На глазах у меня вскипают слезы, я смотрю на них, и воспоминания накатывают на меня, словно морские волны на прибрежный песок. С горла вырывается тихий стон, когда голова взрывается болью, словно ломается там что-то, гнется, корежится, перекручивая, как на мясорубку, внутренности, срывая выставленную плотину. Ноги подкашиваются, словно ватные, и я начинаю медленно оседать на пол. Мужчина меня подхватывает, крепко сжимая руку чуть выше локтя, едва не выворачивая ее из сустава, но эта боль звенит где-то совсем далеко, на задворках сознания. Сейчас меня больше волнует тот невидимый молот, который безжалостно разбивает мой мозг в лепешку.
— Вы все слышали, — вопит назгул, и этот крик, словно дрель буравит барабанные перепонки в ушах. — Отойдите. Иначе ей не жить! Ни ей, ни всем, кто тут находится. Взрывная волна разнесет вас на несколько десятков ярдов.

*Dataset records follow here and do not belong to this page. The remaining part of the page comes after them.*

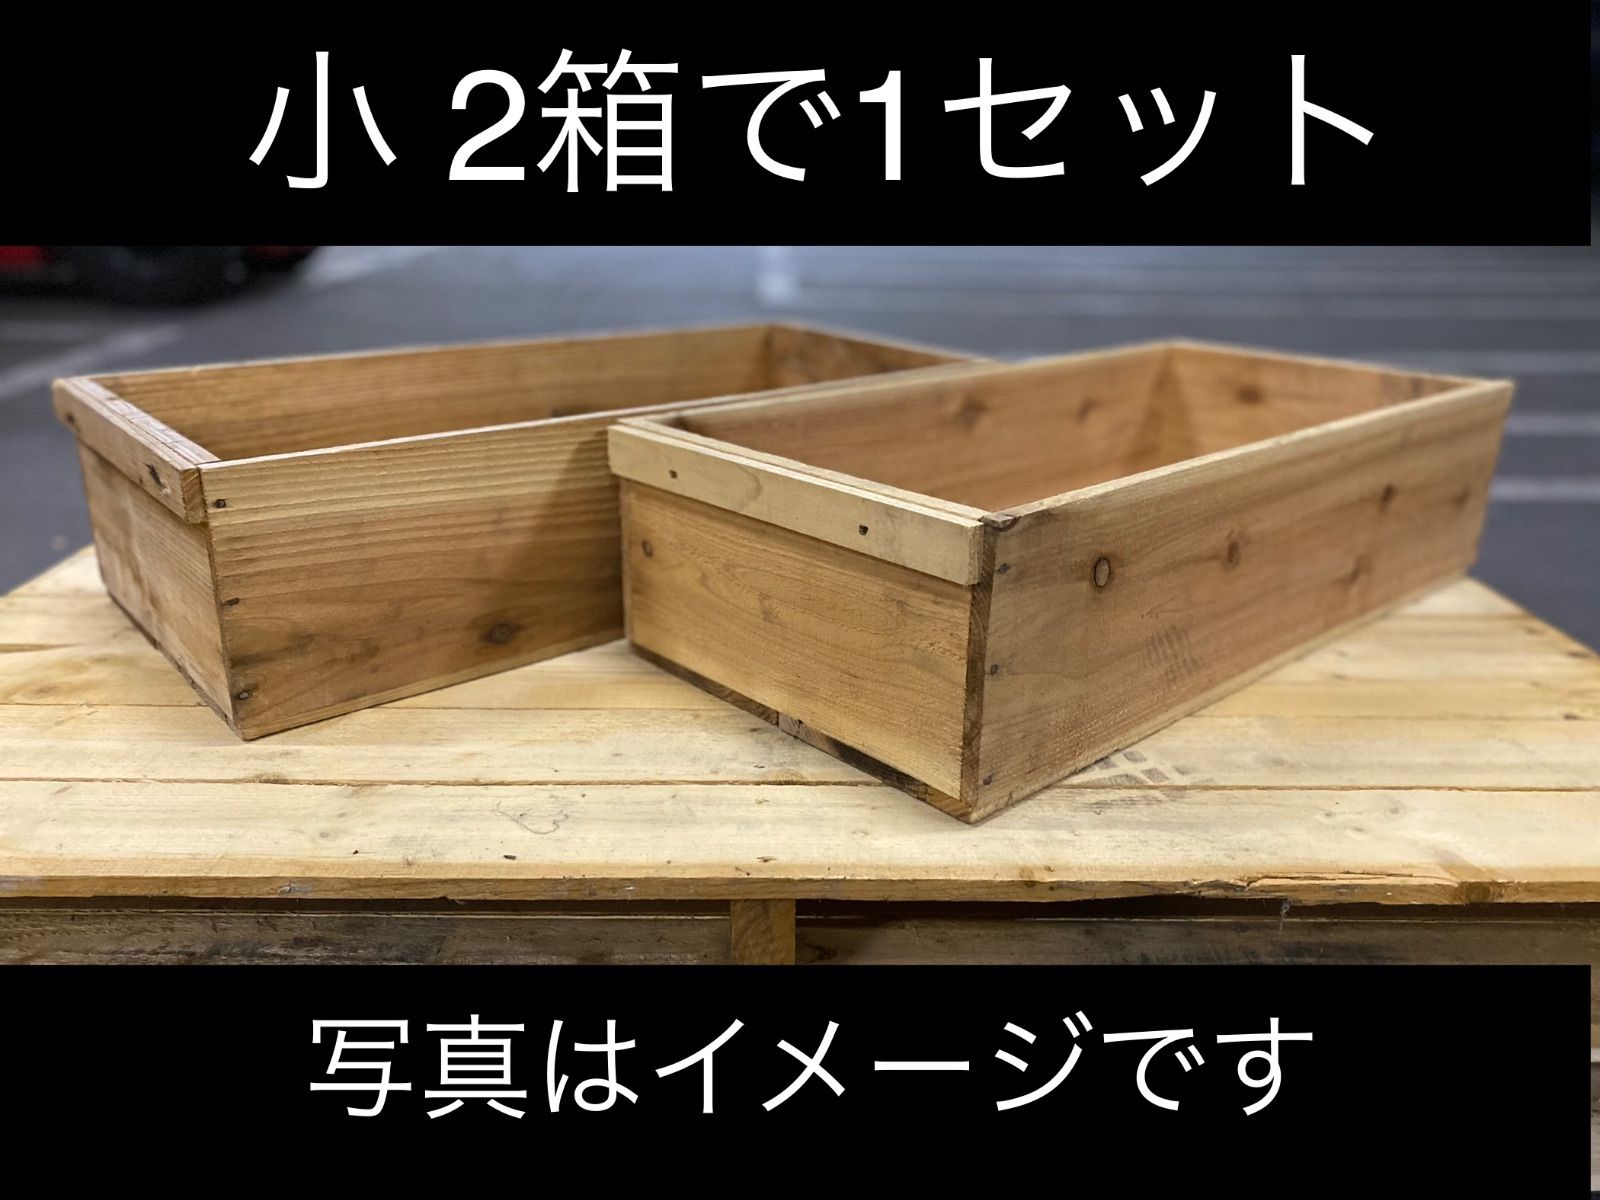 ㉜4箱セット送料無料リンゴ箱りんご箱C品 木箱 | www.modelosbrazil
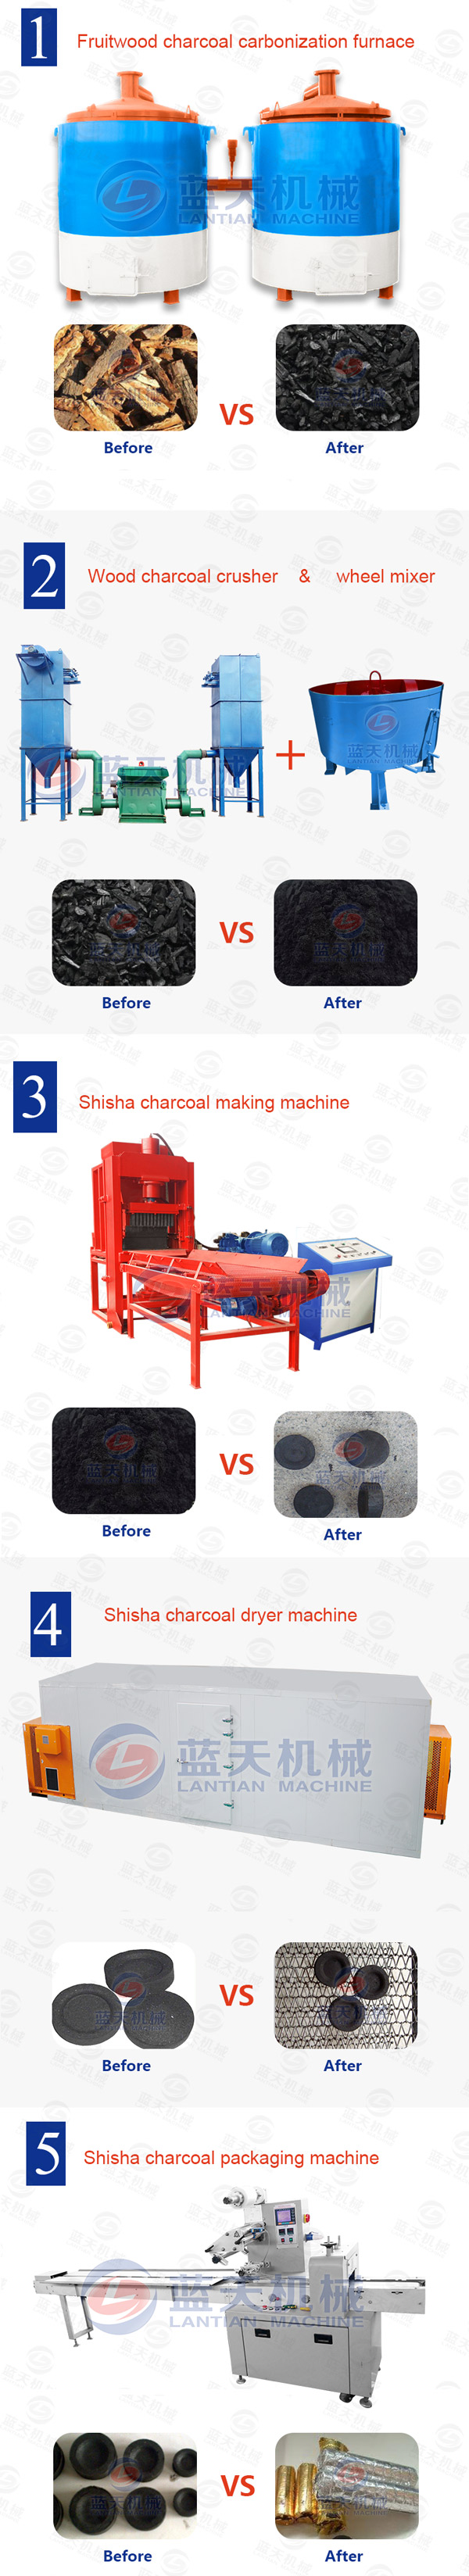 shisha charcoal making machine supplier
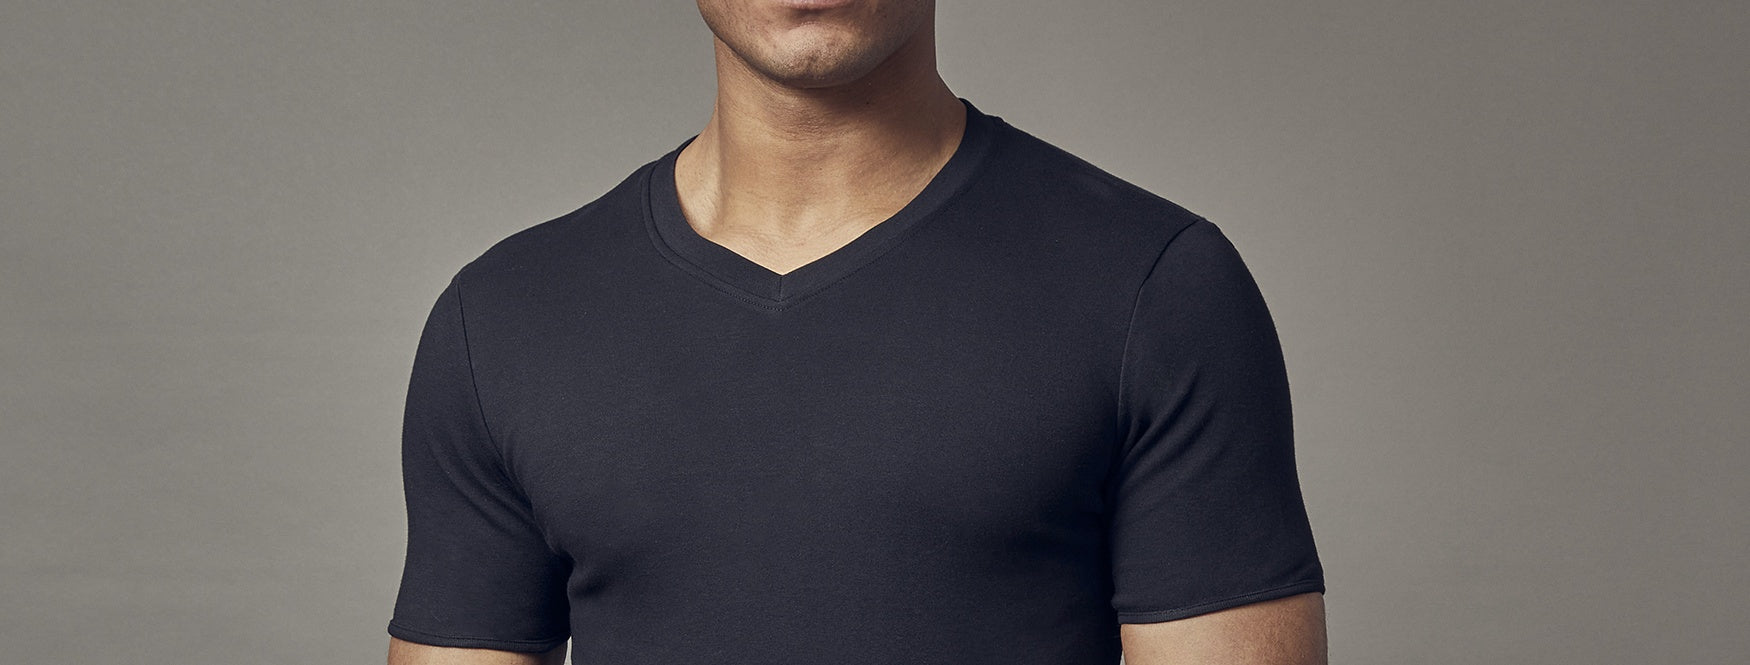 Men's V Neck T-Shirt Summer Black White Short Sleeve Slim Fit Solid Color  Tops
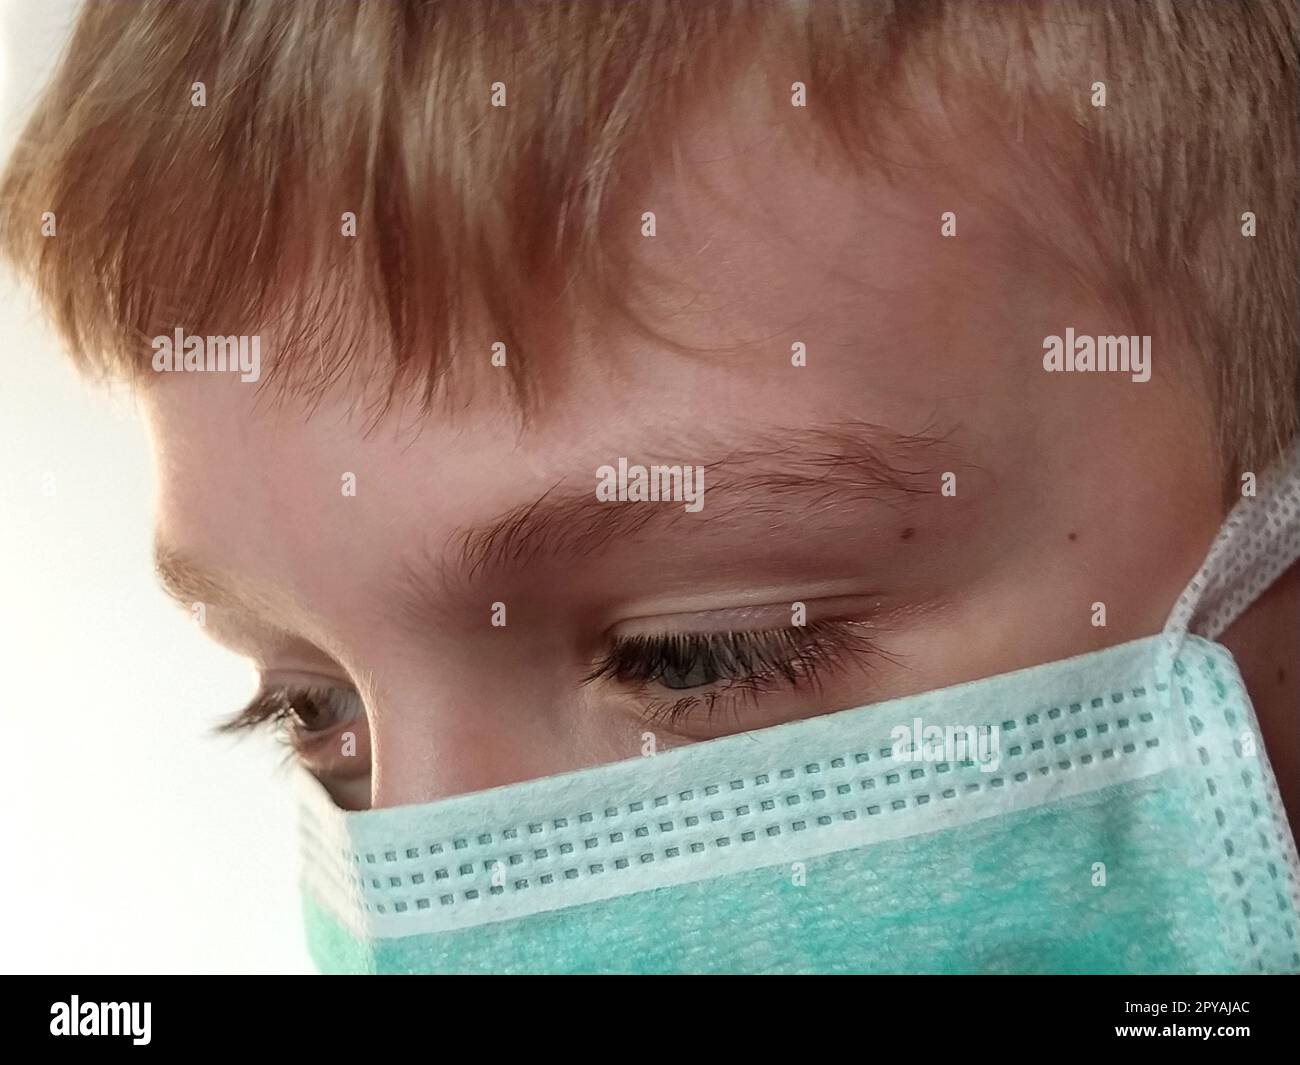 Maskiertes Kind. Das Gesicht eines 7-jährigen Jungen in einer schützenden Operationsmaske. Schuljunge mit blonden Haaren und blaugrauen Augen auf weißem Hintergrund Stockfoto
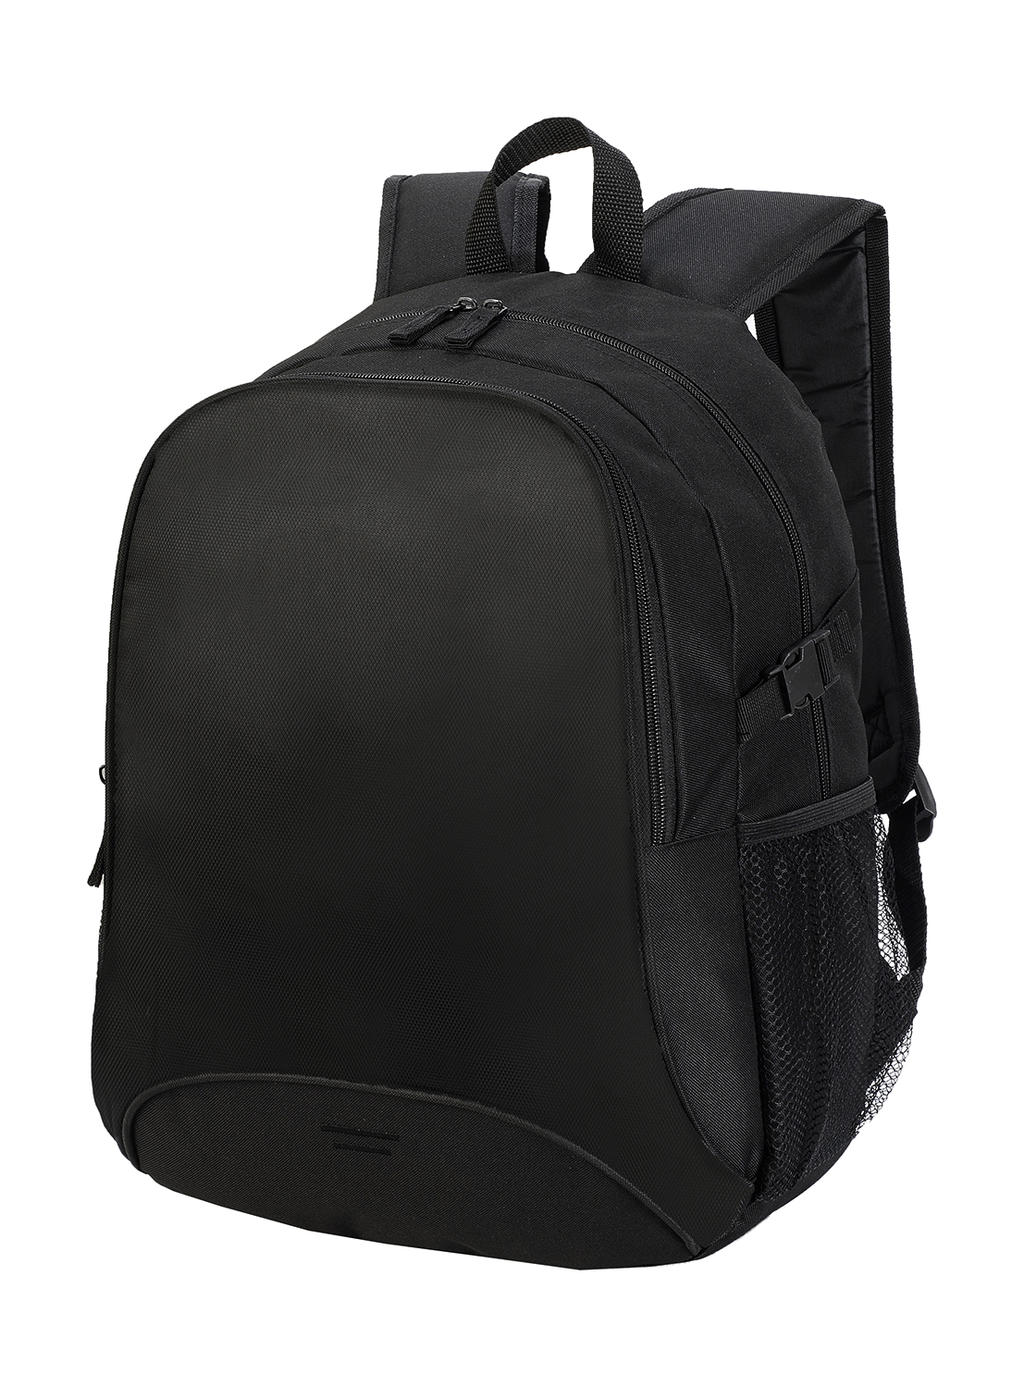  Osaka Basic Backpack in Farbe Black/Black
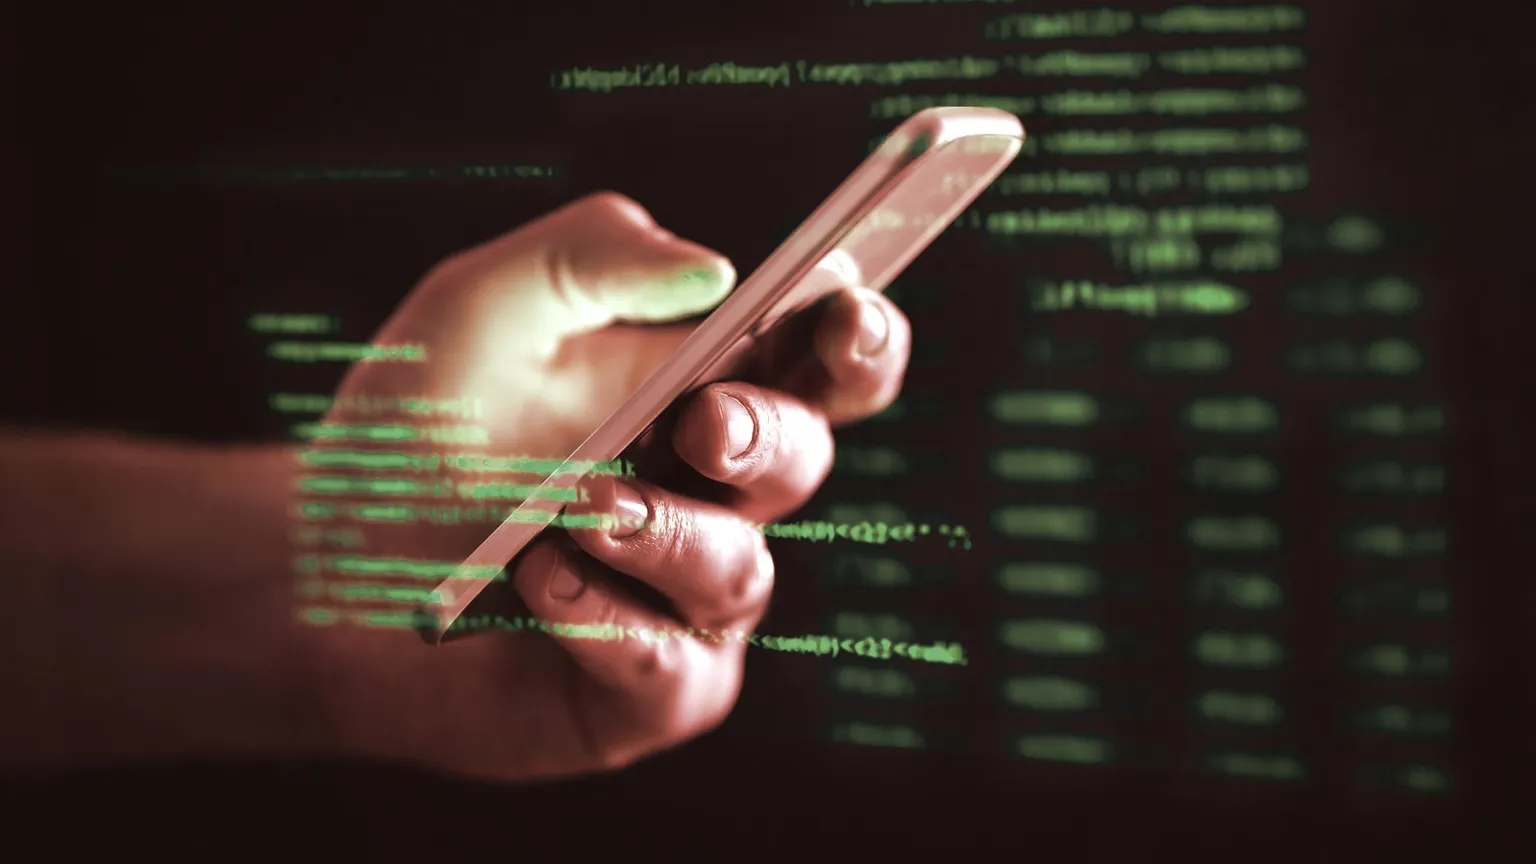 Los hackers apuntan a los propietarios de criptomonedas. Imagen: Shutterstock

— А сам не боишься погибнуть? — спокойным голосом спрашивает мужчина.
И только я, осторожно взглянув из-под ресниц, замечаю на его лице истинное беспокойство, бледные, твердо сомкнутые губы, сжатые до побелевших костяшек кулаки, тревогу в глазах, которые цепко осматривают каждый сантиметр моего тела.
— Я и так труп! — ржет назгул. — У меня нет другого выхода!
— Выход есть всегда, — произносит отец лично у меня за сегодняшний день уже набившую оскомину фразу. — Сдайся Альянсу, и смертную казнь могут заменить пожизненным заключением. Мы знаем, что ты был лишь пешкой в игре Гейелорда.
— Нет. Я жить хочу, а не существовать! — резко восклицает Георг. — Коня мне. Живо!
— Еще будут условия? — машет рукой куда-то в сторону папа.
— Вы мне даете лошадь… — задумчиво тянет назгул, прикидывая, что бы еще добавить. Видимо незапланированным вышел этот террористический акт. — Ее седельные сумки должны быть наполнены золотом. Я вместе с принцессой отбываю в известном только мне направлении. Не забывайте, таймер тикает у нее на шее. Когда, я уверюсь, что в безопасности, я вам сообщу, где находится девчонка и как снять артефакт.
— Как мы можем вам верить? — дрожащим голосом спрашивает мама, сжимая ладонями руку папы.
— Никак, — пожимает плечами назгул, но это ваш единственный шанс получить дочь живой. Увижу за собой слежку, пеняйте на себя.
Дальше для меня все сливается в карусель непонятных ярких пятен, которые чередуются между собой. Шум в ушах только лишь нарастает, а голову будто заполняет пушистая мягкая вата. Я периодически прихожу в себя, а потом снова ныряю в забытье.
Более-менее начинаю осознавать, где я, только когда городские врата оказываются за спиной. Тошнота усиливается, когда лошадь начинает скакать чуть быстрее, выбираясь на проселочную дорогу. Я изо всех сил цепляюсь пальцами за гриву, серьезно опасаясь упасть и расшибиться на смерть, хотя рука назгула довольно-таки сильно стискивает талию. Даже слишком, до дурноты. Сегодня моему животу откровенно не везет, и я по-настоящему радуюсь тому факту, что об обеде для меня мои тюремщики забыли.
— Что-то ты притихла, принцесса? Неужто родители не понравились? — ехидничает возле уха Георг. — Или я по душе пришелся, и ты со мной решила остаться?
Я что-то нечленораздельное мычу сквозь зубы, опасаясь, что как только открою рот, то меня стошнит, и продолжаю дальше молчать.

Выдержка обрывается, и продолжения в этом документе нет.